REQUIRED ACTION
Leaving out the pictures, reproduce each record exactly and in full.
----- MATERIAL FOR THIS TASK
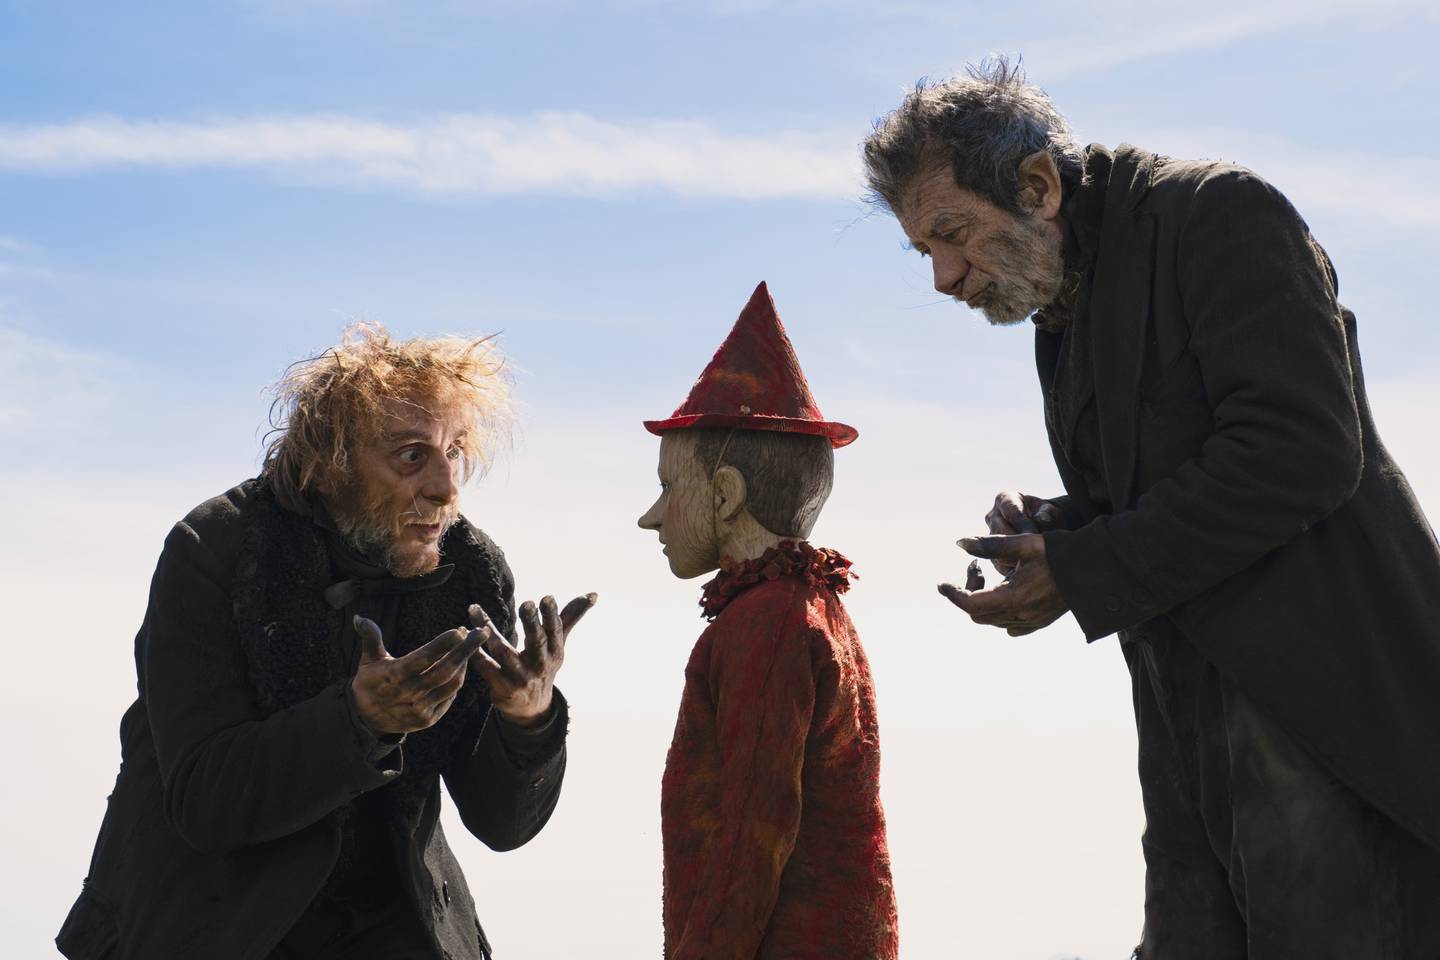 Filmen Pinocchio har kinopremiere i Norge 25. desember og er regissert av Matteo Garrone.
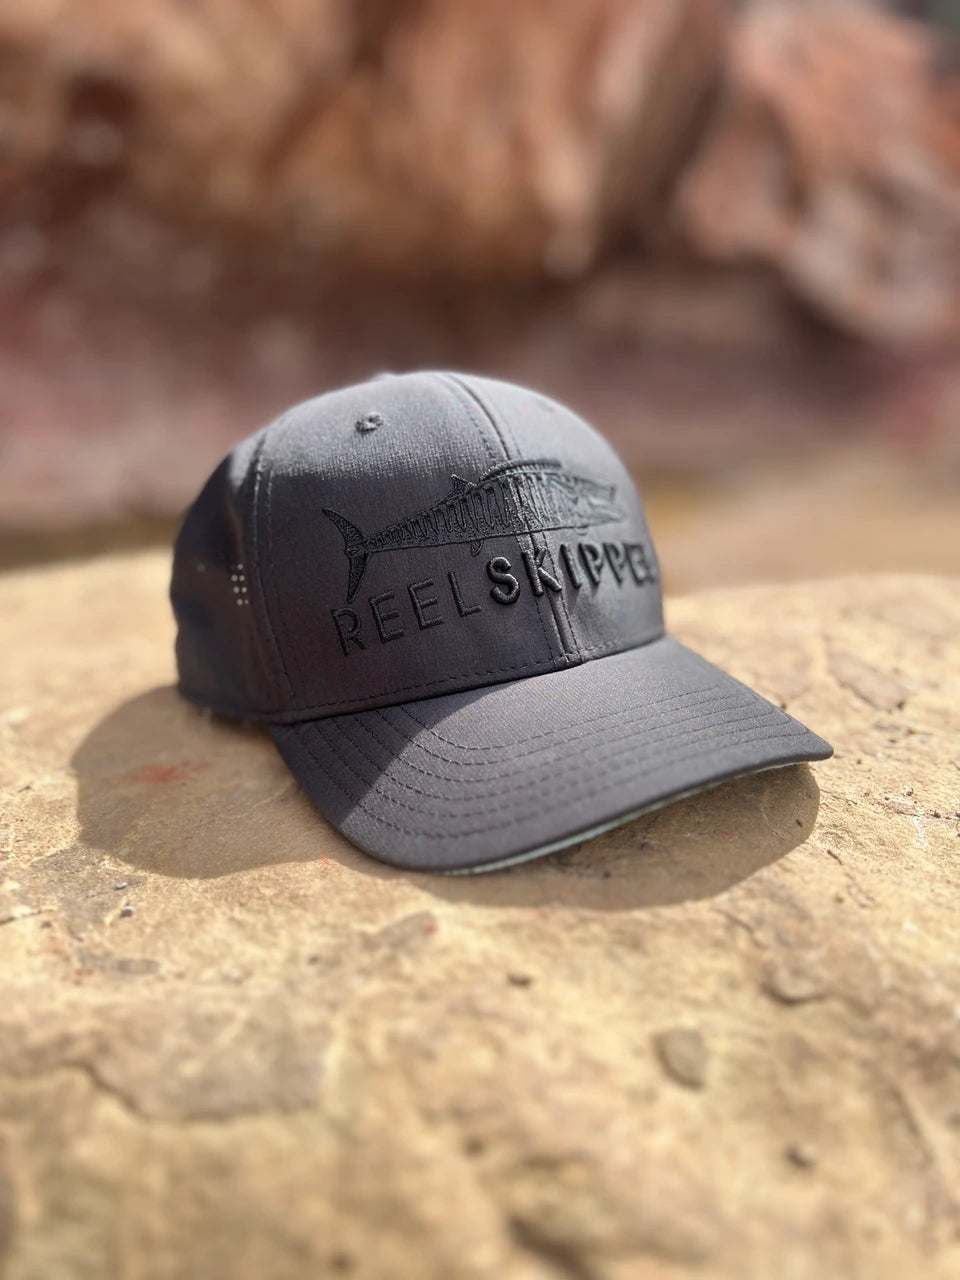 Women's Hats, Visors & Sun Masks for Fishing, Diving & SUP – Reel Skipper
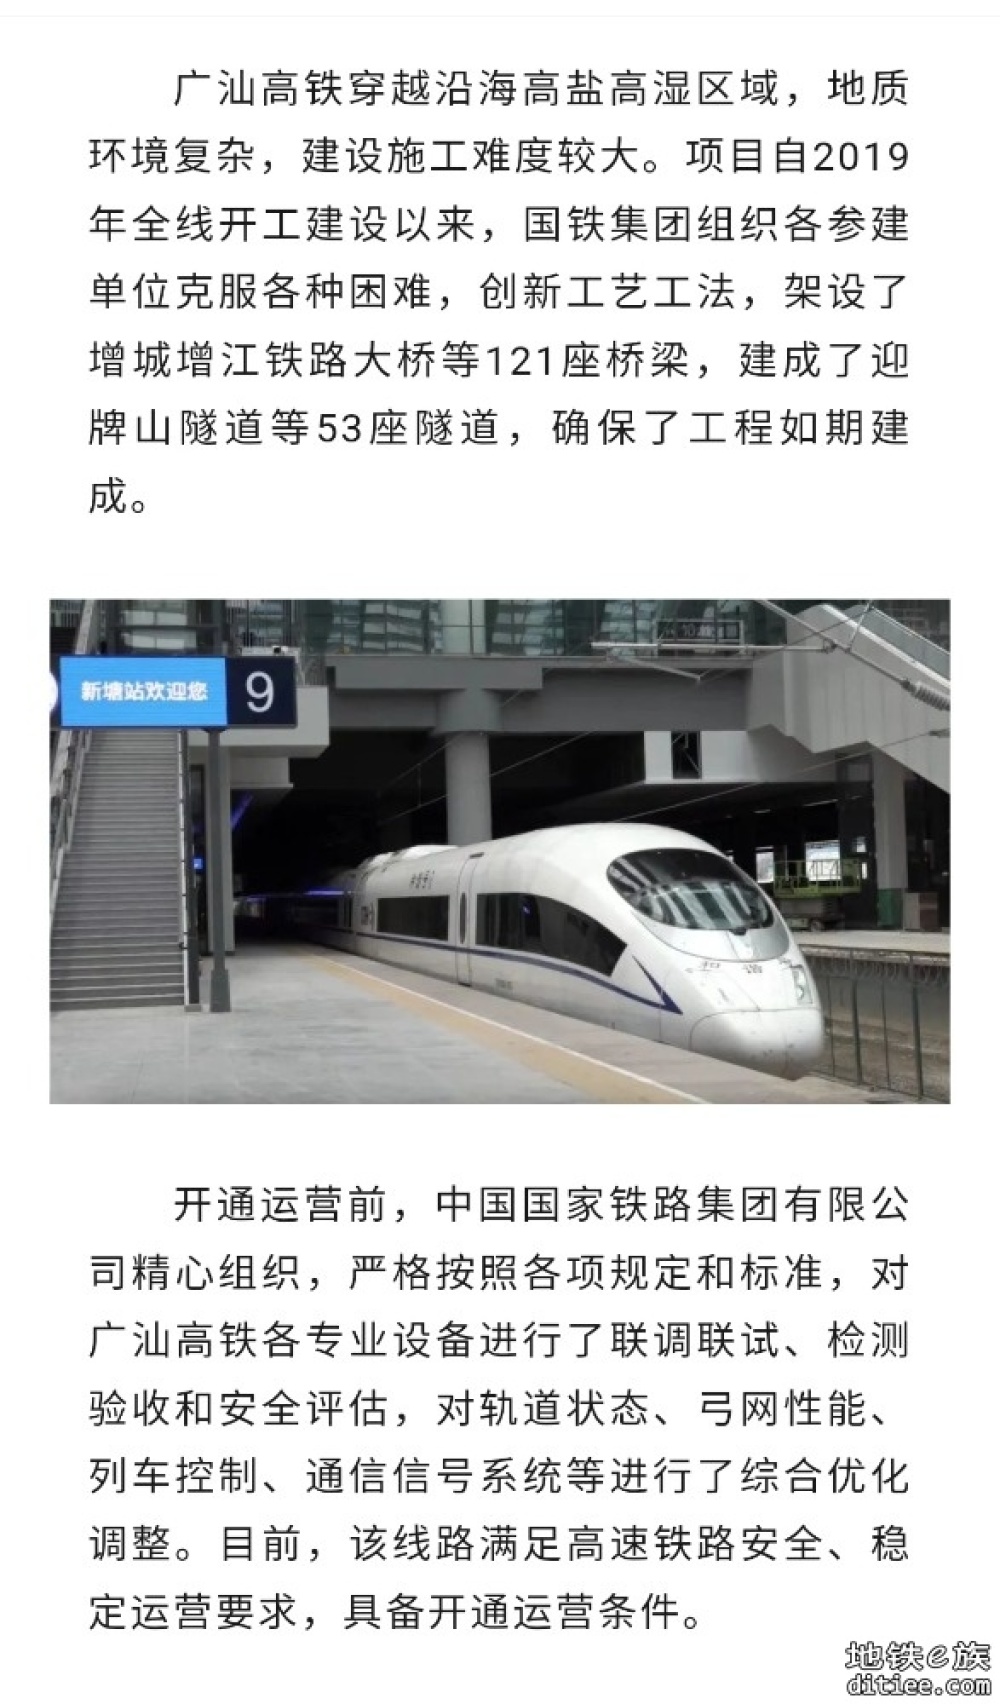 9月26日广汕高铁开通运营
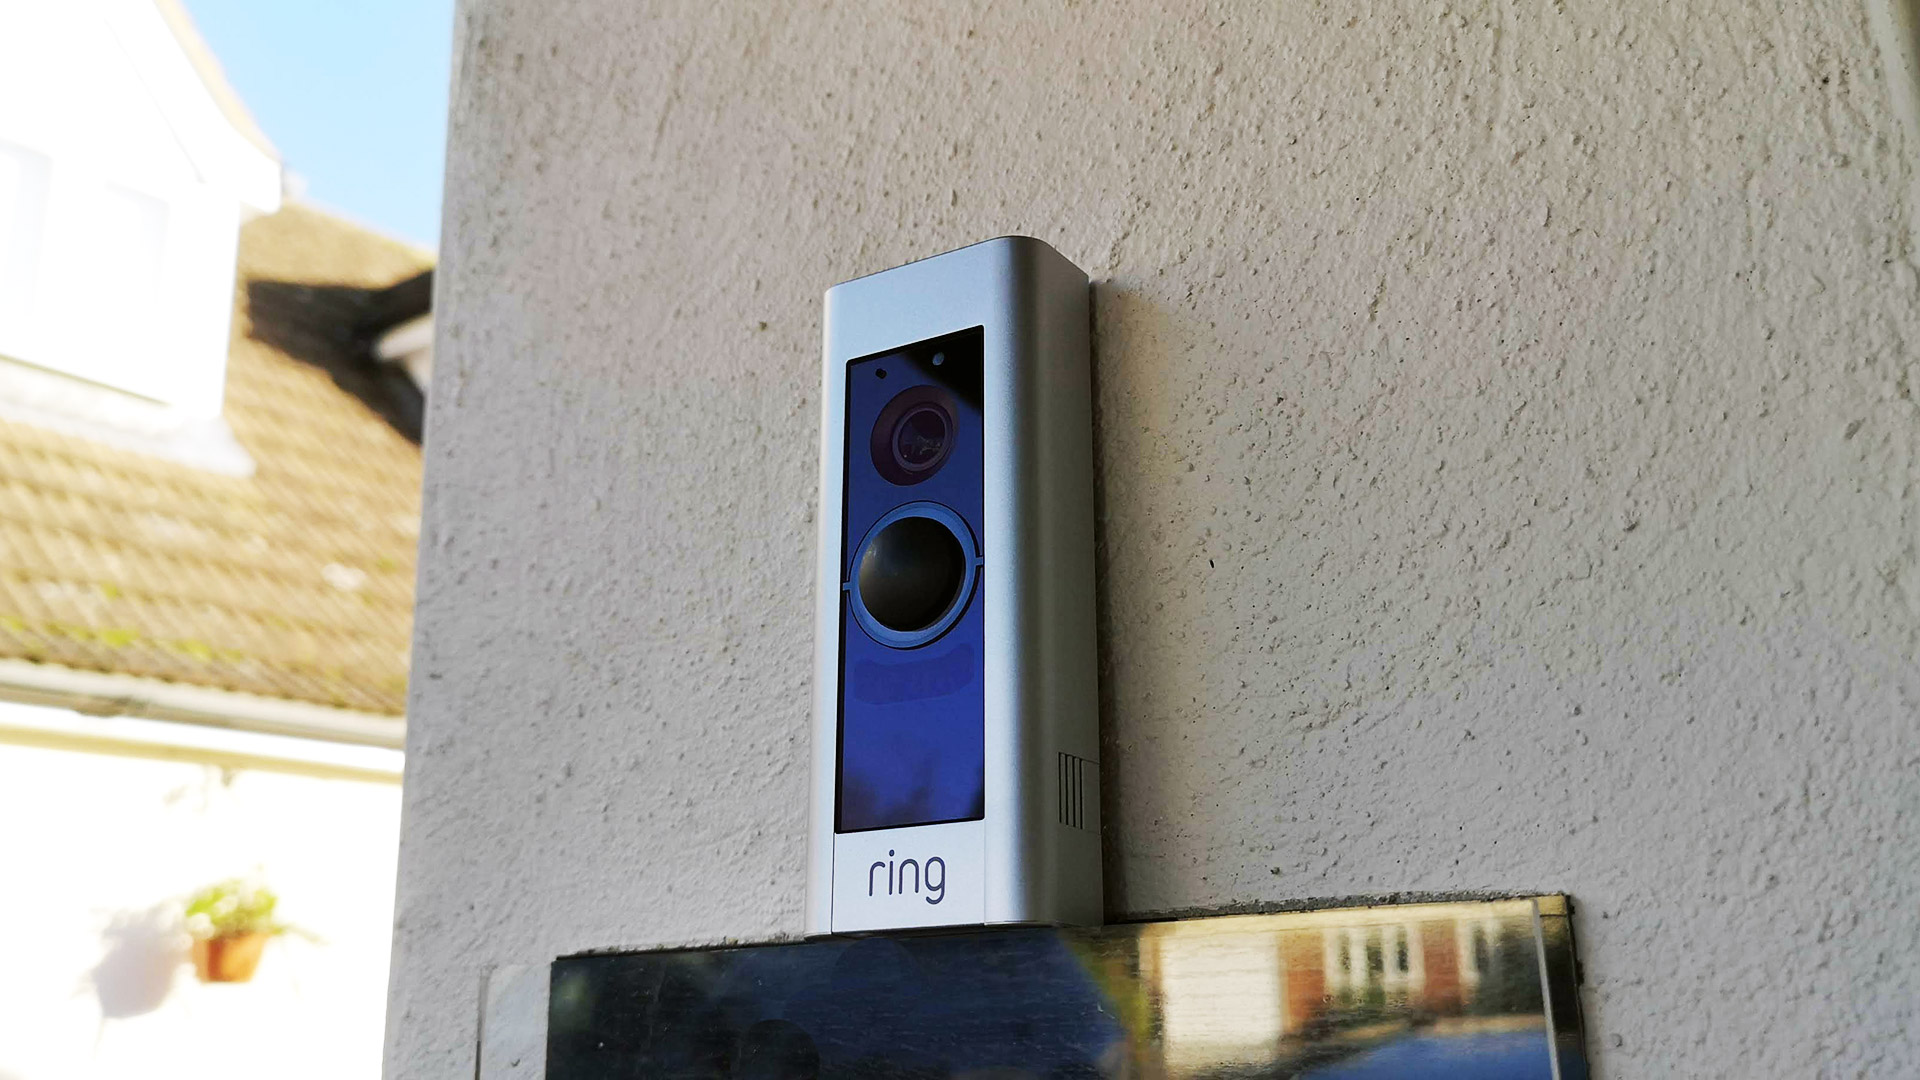 ring video doorbell cloud cost
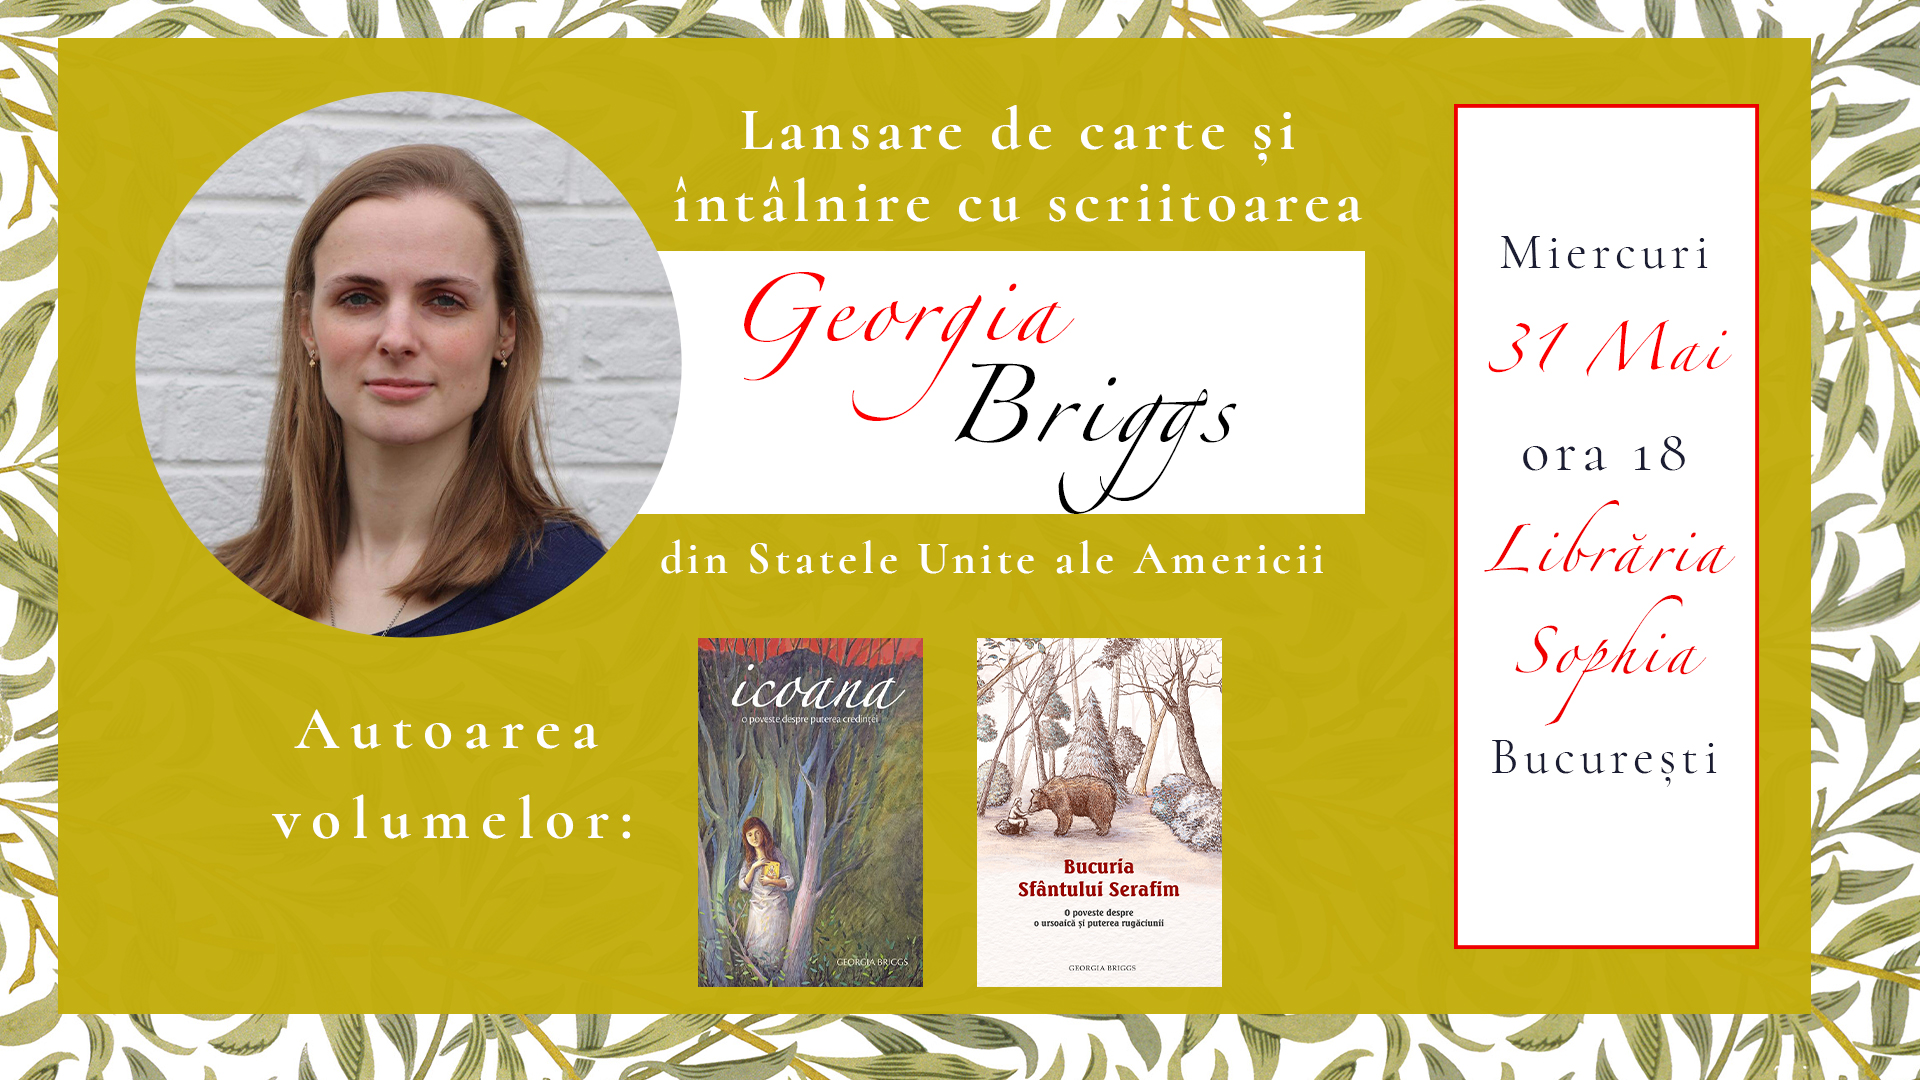 Întâlnire cu scriitoarea Georgia Briggs
----------
ANSWER SPACE
 Filmen Pinocchio har kinopremiere i Norge 25. desember og er regissert av Matteo Garrone.
 Women's Hats, Visors & Sun Masks for Fishing, Diving & SUP – Reel Skipper
 9月26日广汕高铁开通运营
 ring video doorbell cloud cost
 Întâlnire cu scriitoarea Georgia Briggs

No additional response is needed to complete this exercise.